Da Corriere della Sera del 12/10/2005

Gheddafi ripristina la «giornata della vendetta»

Tornano le celebrazioni anti-italiane. Fini: «Inaccettabile». Sullo sfondo richieste economiche

di Maurizio Caprara

ROMA - Se la vendetta è un piatto che si serve freddo, ancora più effetto può fare quando la tavola, in teoria, dovrebbe essere stata sparecchiata. Malgrado un anno fa la Libia avesse annunciato di apprestarsi a istituire un «giorno dell’amicizia», venerdì scorso, 7 ottobre, la Gran Jamahiria Araba Libica Popolare Socialista ha celebrato ancora una volta la «giornata della vendetta» contro l’Italia. Si tratta dell’anniversario della espulsione in massa decretata da Muhammar el Gheddafi, nel 1970, per 20 mila italiani, in parte arrivati nel suo Paese ai tempi del colonialismo, in parte nati lì a guerra mondiale finita. In occasione della visita di Silvio Berlusconi a Mellitah, nel 2004, il Colonnello aveva detto che avrebbe rinunciato a far festeggiare questa ricorrenza. Invece alla Casa della cultura di Tripoli, venerdì, si sono riuniti membri dei Comitati popolari. Discorsi dei dirigenti, poi l’invio di un telegramma di congratulazioni al «leader della Rivoluzione».

«Un comportamento inaccettabile da un punto di vista morale prima ancora che politico», ha commentato Gianfranco Fini, ministro degli Esteri e presidente di An, partito che per ragioni storiche risulta più restio di altri ad ammorbidimenti verso la Jamahiria.

Allo stesso tempo, Fini ha espresso un giudizio articolato: quanto avvenuto «conferma che il rapporto con Gheddafi rimane complesso perché accanto a una politica positiva di cooperazione con l’Italia sul controllo delle coste, e la lotta all’immigrazione clandestina, ci sono comportamenti inaccettabili». Conclusione: «Credo che questa doppia politica del Colonnello possa essere capita, ma ovviamente non giustificata, più con una chiave di lettura interna che nel rapporto con l’Italia». Come a dire: Gheddafi sbaglia, ma lo fa per non scontentare il suo uditorio.

Al di là delle reazioni ufficiali, c’è dell’altro dietro questo nuovo attrito italo-libico portato alla luce a Roma ieri da Giovanna Ortu, la presidente dell’Associazione italiani rimpatriati dalla Libia.

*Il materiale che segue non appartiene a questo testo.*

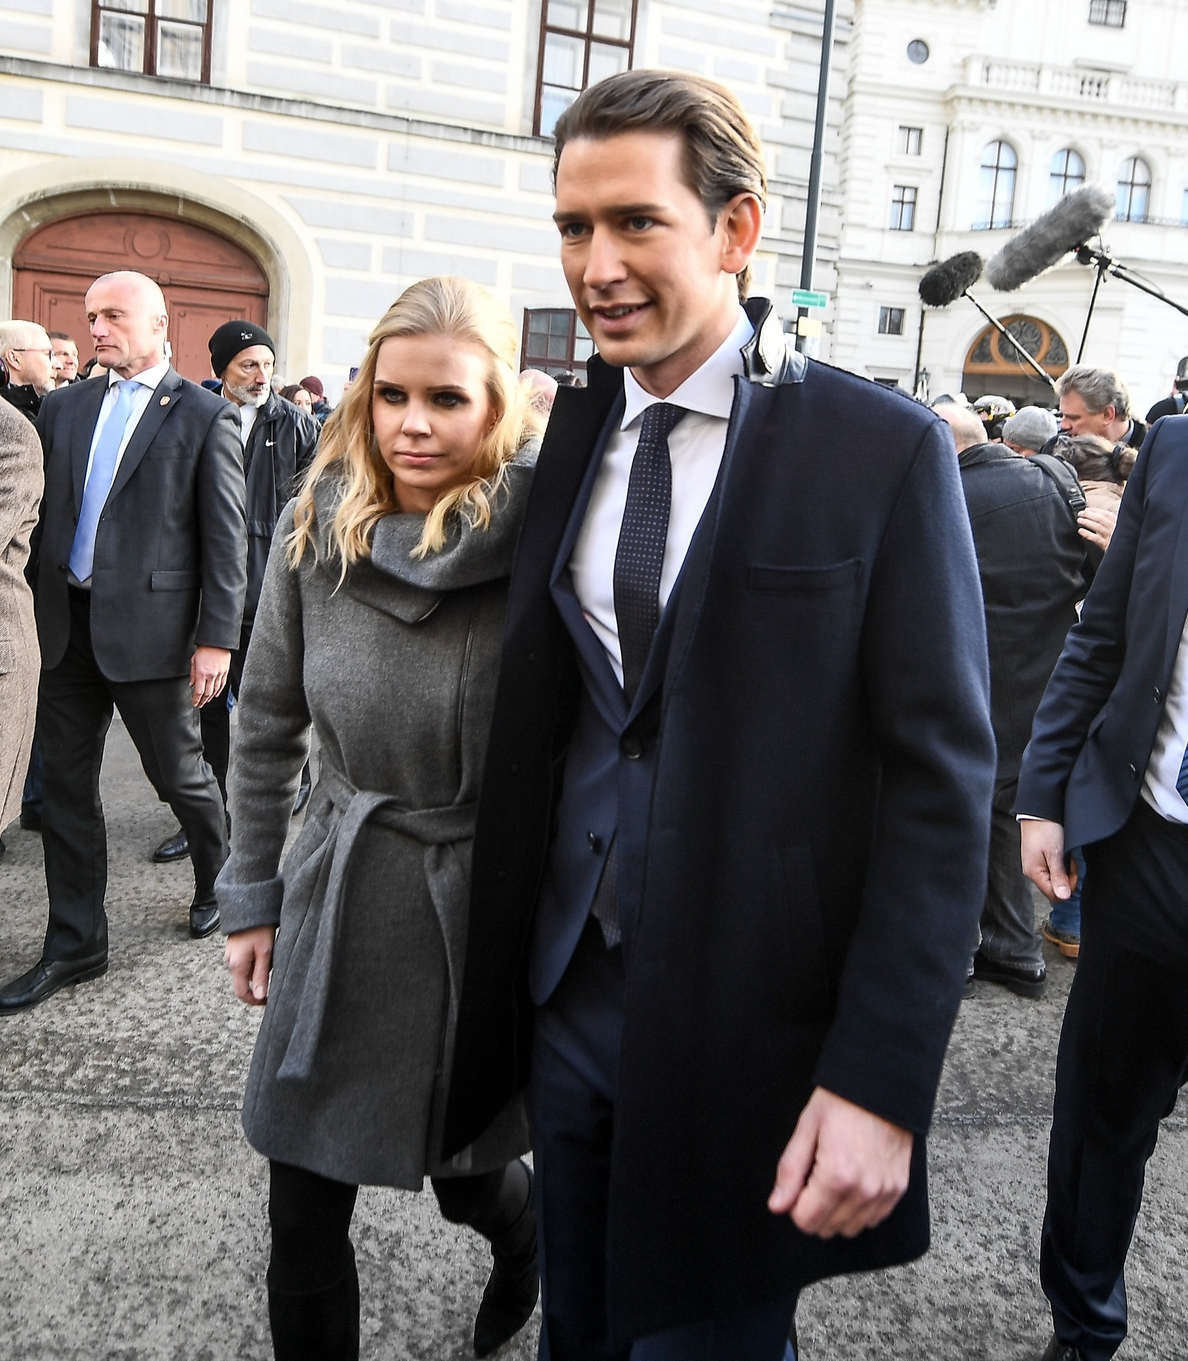 Sebastian Kurz viaja a Bruselas para confirmar la línea europeísta del Gobierno austríaco

La prima cosa che Tripoli vuole, in realtà, è la costruzione a spese dell’Italia di una strada costiera dalla Tunisia all’Egitto, indicata come una forma di risarcimento per le sofferenze dovute al colonialismo. Oppure, di una linea ferroviaria da Misurata a Sebah. Nel primo caso, il costo non sarebbe inferiore a tre miliardi di euro. Troppo, secondo Palazzo Chigi.

«Vogliamo essere vostri partner, ma la Libia è un Paese sovrano. Avevamo chiesto un grande gesto di grande valore, la strada o la ferrovia. E non c’è stato», risponde una fonte diplomatica libica quando gli si domanda perché la giornata della vendetta è rimasta.

Dopo che Gheddafi ha concordato con Usa e Gran Bretagna lo smantellamento dei suoi programmi per le armi di sterminio, gli affari in Libia non vanno bene per l’Italia. Il 2 ottobre l’Eni ha conquistato quattro concessioni per prospezioni e sfruttamento di pozzi di petrolio, a Murzuq e a Kufra, però in precedenza i vantaggi principali sono andati ad americani e concorrenti stranieri. Le nostre esportazioni hanno subito un calo. Tripoli manda segnali di raffreddamento. Da oltre un anno non rimpiazza l’ambasciatore a Roma. Il senatore Sandro Battisti, Margherita, domanda a Fini, in un’interrogazione, quali misure adotterà sul giorno della vendetta.

Giovanna Ortu avanza un’ipotesi: «La difficoltà dell’esecutivo a dialogare con i libici va messa in relazione all’attenzione da essi riservata ai possibili vincitori della nuova tornata elettorale, primo fra tutti Romano Prodi. Per intervistarlo è arrivato in Italia il capo del Dipartimento informazione della Jamahiria». In estate, è vero, il candidato dell’Unione per Palazzo Chigi ha dato una lunga intervista alla tv libica. Lo stesso Prodi, nel 2004, andò in vacanza in Libia. Gheddafi, grato per l’invito a Bruxelles del 2004, lo invitò a parlare al congresso dei Comitati popolari. E il caso, in questi casi, conta poco.

Una protesta davanti all’ambasciata italiana di Tripoli negli anni Ottanta, quando con cadenza regolare venivano organizzati cortei anti-italiani in Libia.